= Jeemon Panniyammakal =

Indian doctor

Jeemon Panniyammakal is a faculty member in the Achutha Menon Centre for Health Science Studies (AMCHSS) in
Sree Chitra Tirunal Institute for Medical Sciences and Technology, Thiruvananthapuram, Kerala, India. Jeemon Panniyammakal has made significant contributions to the prevention and control of cardiovascular diseases and diabetes in India.

He was awarded the Shanti Swarup Bhatnagar Prize for Science and Technology in Medical Sciences in the year 2021 for his contributions to public health.

Jeemon Panniyammakal, who hails from Nilambur, Kerala, India, obtained PhD degree from the University of Glasgow, UK and MPH degree from the Sree Chitra Tirunal Institute of Medical Sciences and Technology.

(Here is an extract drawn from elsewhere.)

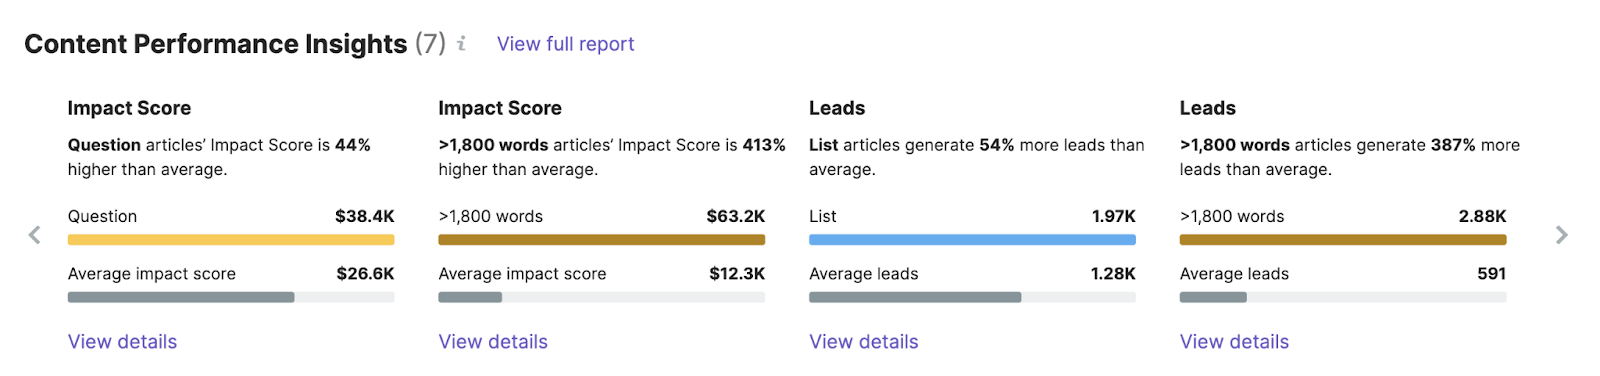 Content Performance Insights

==Honours and recognitions==
The honours and recognitions conferred on Jeemon Panniyammakal include:
- Emerging Leader - World Heart Federation (2019)
- Editorial Fellow, Annals of Family Medicine, University of Michigan, USA
- Fellow of the Royal Society for Public Health (London)
- Fellow of the European Society of Cardiology (FESC)
- Senior Clinical and Public Health Fellow DBT-Wellcome Trust India Alliance (IA)
In 2022, Panniyammakal became a laureate of the Asian Scientist 100 by the Asian Scientist.